In the manner this problem has been described so far, it appears that the goal is to identify two different classes of subjects: “specific” and “non-specific” responders. Cluster analysis and finite mixture models for cross sectional data [Titterington et al., 1985] and growth mixture models for longitudinal data are typically used for this purpose [Muthén and Shedden, 1999; James and Sugar, 2003; Elliot et al., 2005]. All of those methods presume the presence of distinct groups and attempt to find them using different approaches. If the distribution is homogeneous, however, they all fail in one way or another, e.g. lack of convergence, lack of unique solution, interpretability (for example, when three clusters are postulated by the theory, but only one is identified by clustering technique). Perhaps the biggest failing though is that the methods may converge to a solution with two or more latent groups that are artificial manifestations of the algorithm because the distribution is homogeneous [e.g. Tarpey et al., 2008].

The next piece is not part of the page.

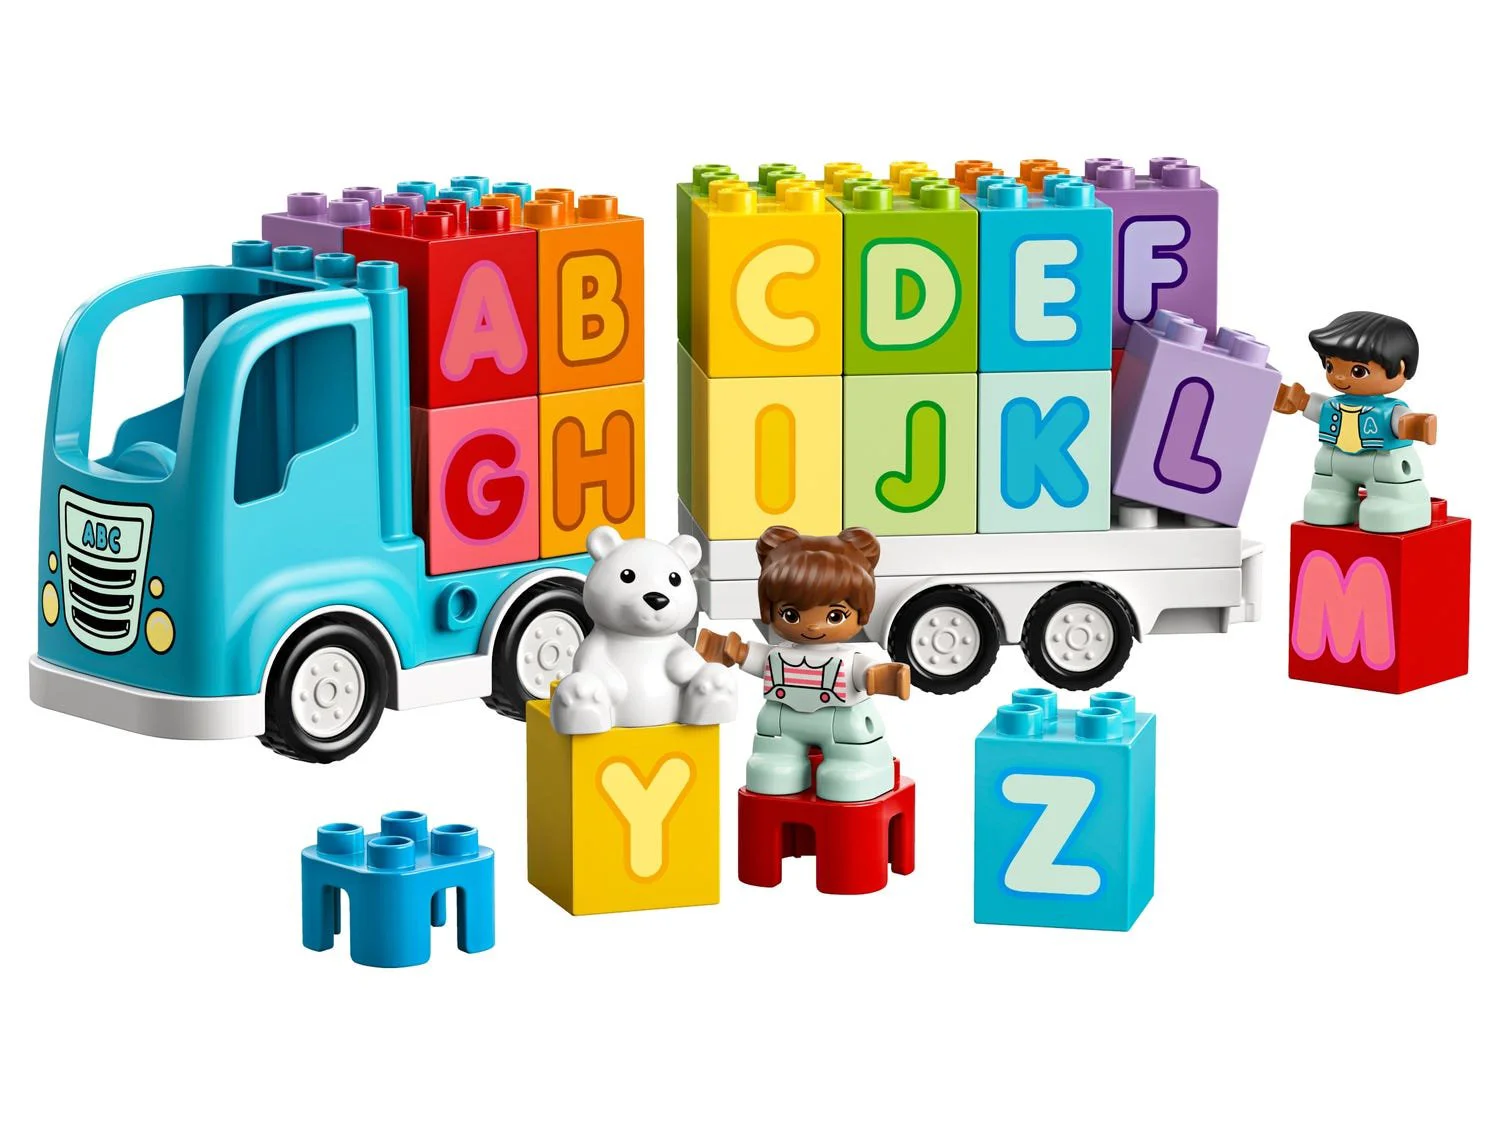 LEGO Duplo - Alphabet Truck
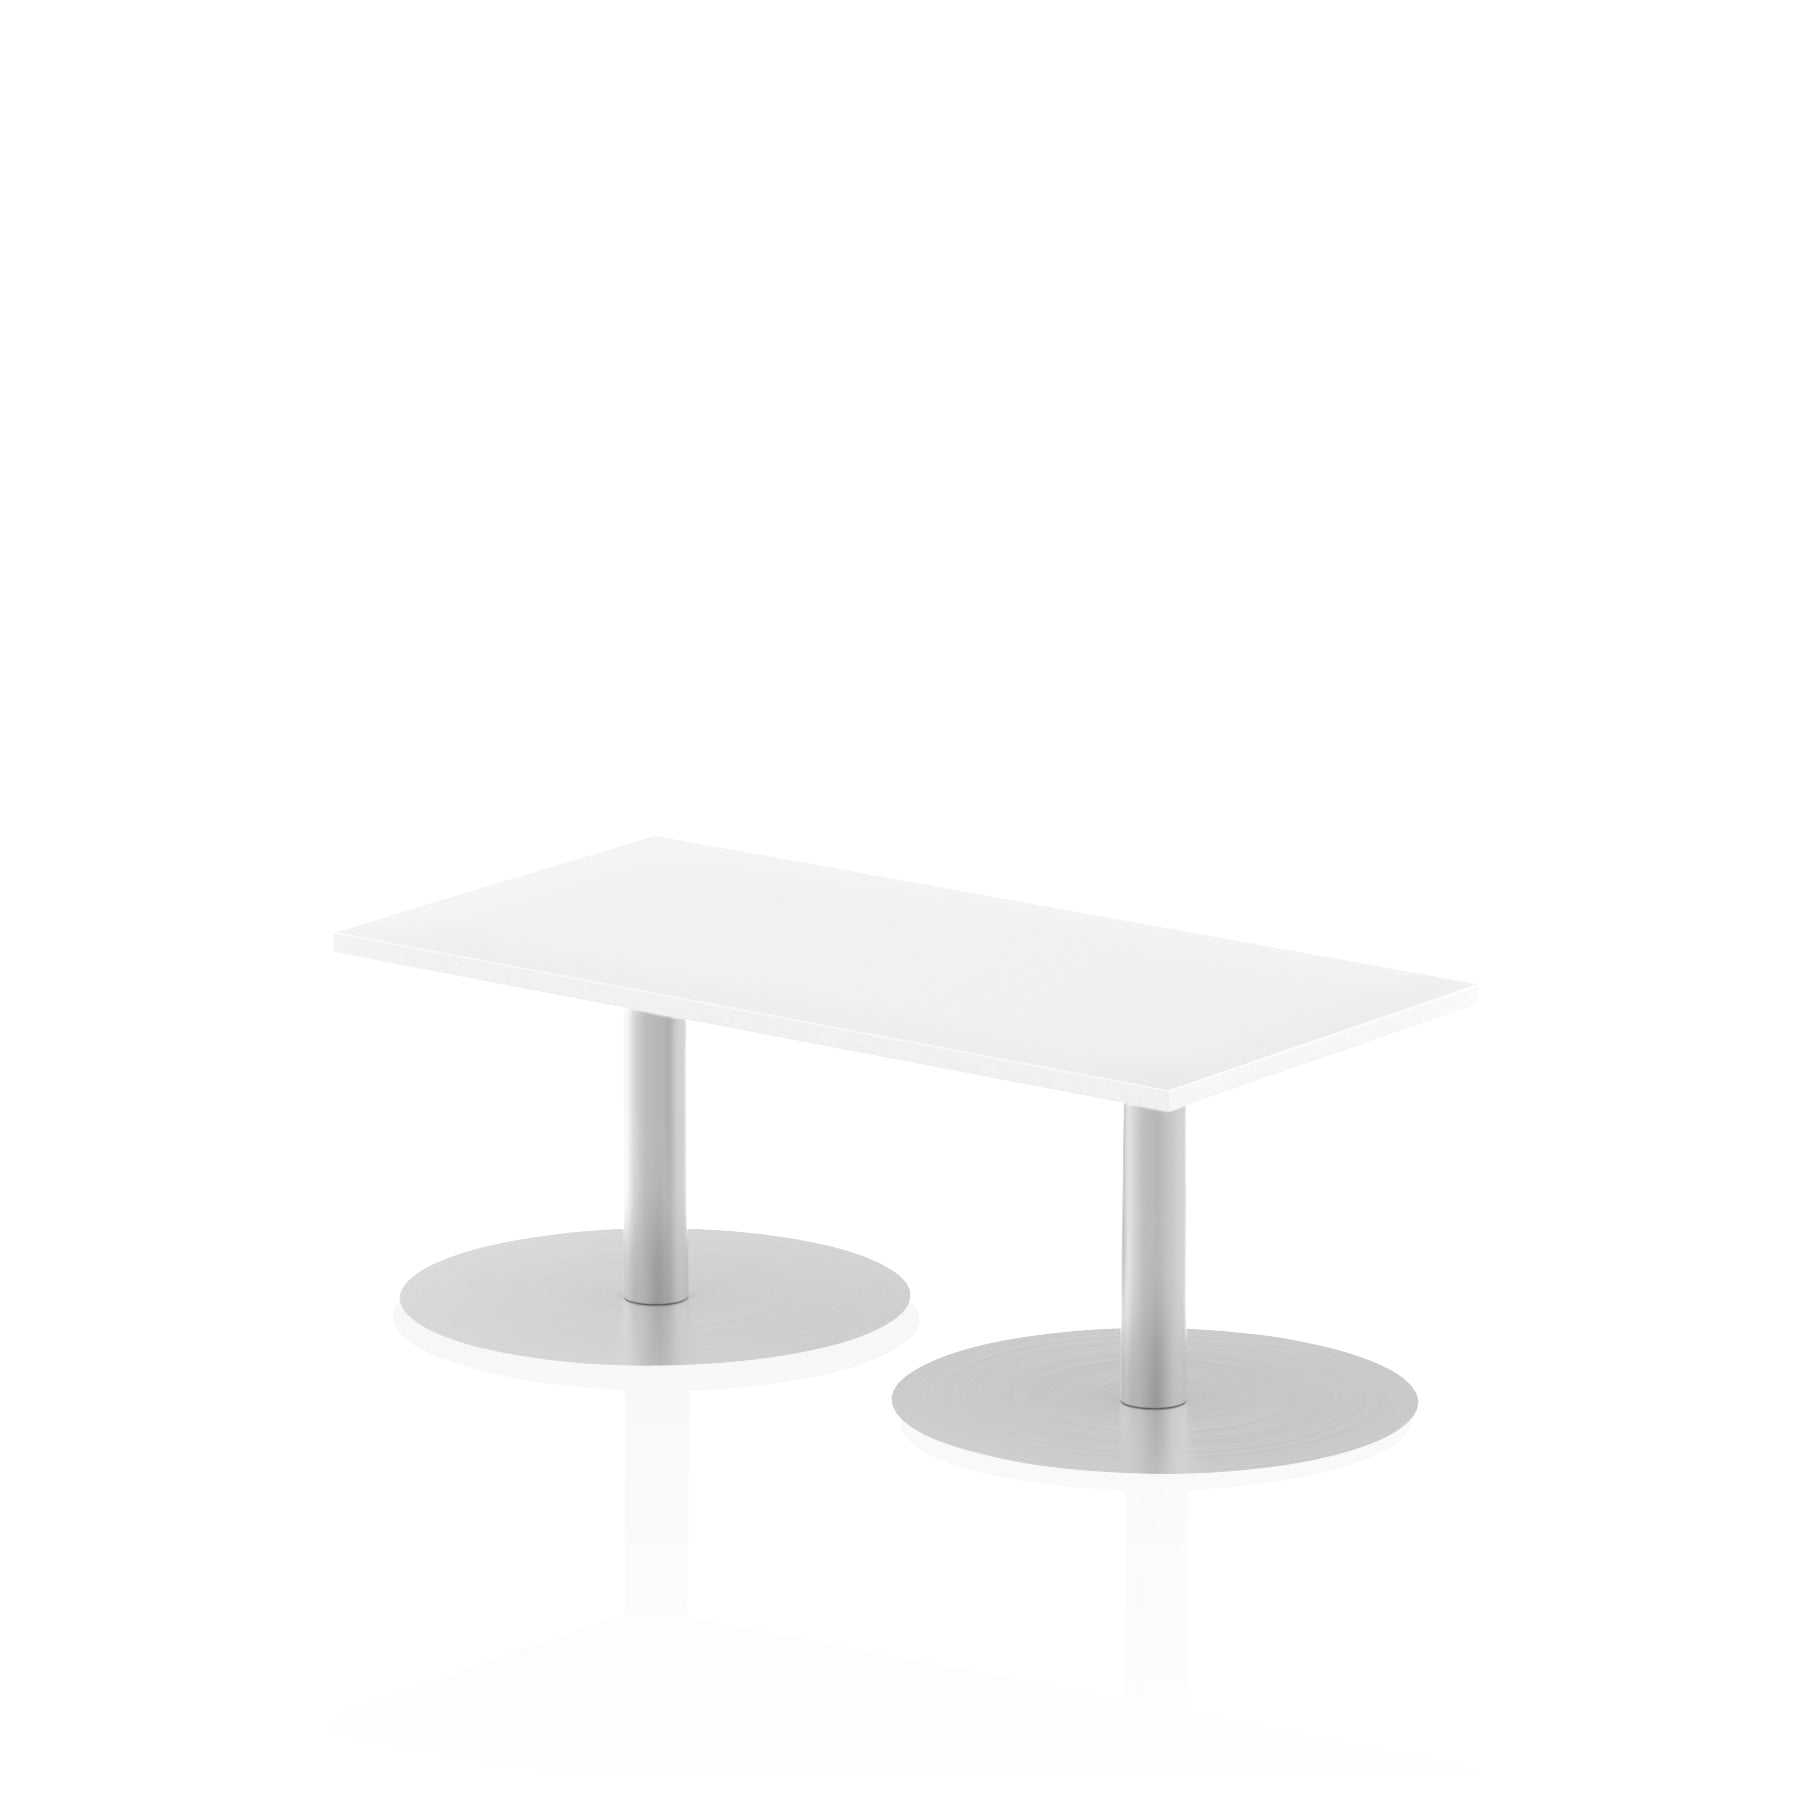 Italia Slimline Rectangular Poseur Table - 1200x600 MFC Top, Silver Bistro Legs, Self-Assembly, 5-Year Guarantee

Yet, even when the (multivariate) distribution of clinical and biological characteristics appears perfectly homogeneous, symmetric and even normal, individuals in the population can still exhibit widely different characteristics. For example, even though the distribution of blood pressure may be perfectly homogeneous symmetric and normal, the blood pressures of hypertensive subjects differ from those of normo-tensive individuals and, what is more important, these differences correspond to differences in a variety of other health outcomes. As another example, consider a bivariate normal distribution with mean (0, 0) and some variance S. Suppose this distribution represents the slope and concavity of curves with the same intercept. In this distribution there will be curves with an overall increasing or decreasing trend, with a concave up or concave down shape, depending on the values of the slope, and curvature. Thus, there are clearly distinct shapes in this distribution, which is perfectly homogeneous symmetric and normal. While it doesn't make sense to look for distinct clusters or mixtures in this case, a coherent question would be to identify shapes that are representative of the distribution.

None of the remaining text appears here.